Diagnosis of SCA typically includes:

• Clinical evaluation of symptoms with a detailed family history

• Neurological exams focusing on coordination, balance and eye movements.

• Brain imagines (MRI/CT) to identify cerebellar and brain stem atrophy (shrinkage)

• Genetic testing: Confirms the specific subtype (e.g., CAG repeat analysis)

• Electrophysiological tests (EMG/nerve conduction) may be used to assess neuropathy

There is no cure for SCA. Treatment is supportive and symptomatic. This includes:

• Physical therapy to maintain balance and coordination

• Speech therapy to help with dysarthria (weakness in muscles involved in speech) and swallowing

• Occupational therapy to aid daily functioning

• Medications for specific symptoms such as tremor, spasticity, depression or sleep disturbances

• Assistive devices such as wheelchairs, special glasses or communication aids

Researchers are investigating gene therapy, antisense oligonucleotides and other novel approaches.

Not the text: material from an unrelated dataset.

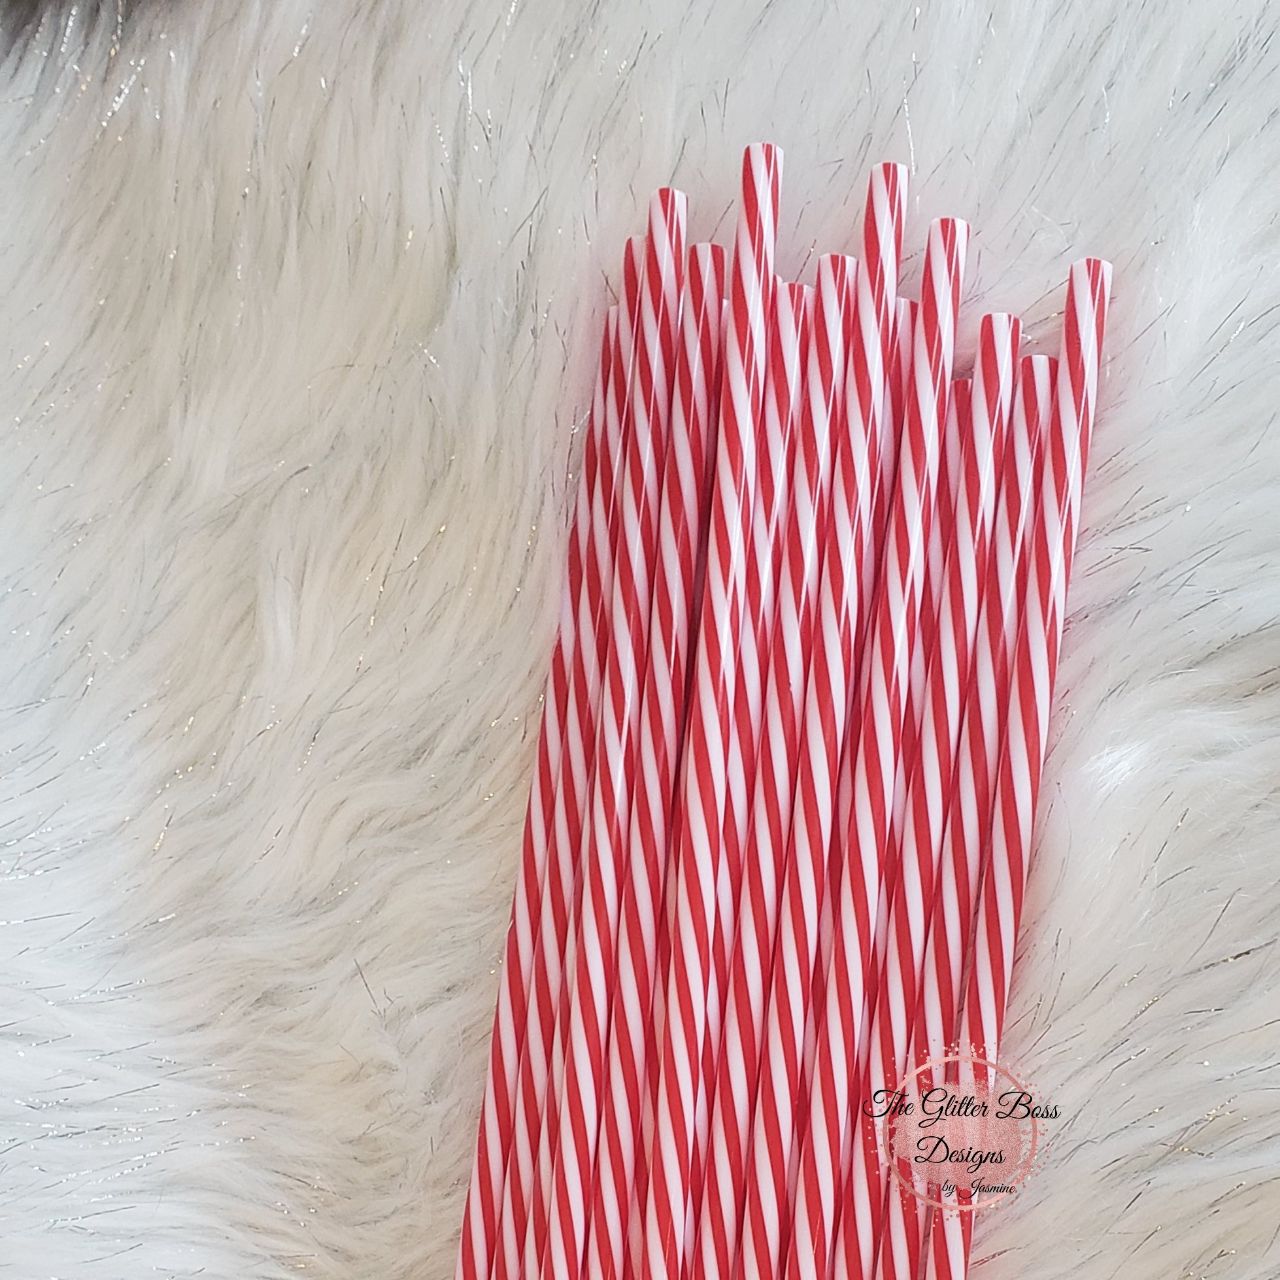 20 oz Plastic Straws - GBDesigns

SCA is progressive and symptoms gradually worsen over time. The rate of progression varies by subtype– SCA1, SCA2 and SCA3 progress relatively quickly, whereas SCA6 tends to progress more slowly. Many patients require mobility aids within 10-20 years of symptom onset. Life expectancy is variable and can be reduced for some types of SCA, especially those with an early onset and multisystem involvement.

1. Klockgether T, Paulson H. (2011). “Milestones in ataxia.” Mov Disord. 26(6):1134-41. doi: 10.1002/mds.23559. PMID: 21626557; PMCID: PMC3105349.

2. Coarelli G, Wirth T, Tranchant C, Koenig M, Durr A, Anheim M. (2023). “The inherited cerebellar ataxias: an update.” J Neurol. 270(1):208-222. doi: 10.1007/s00415-022-11383-6. Epub 2022 Sep 24. PMID: 36152050; PMCID: PMC9510384.

3. National Ataxia Foundation:  Spinocerebellar ataxia.

4. National Organization for Rare Disorders:  Spinocerebellar ataxia.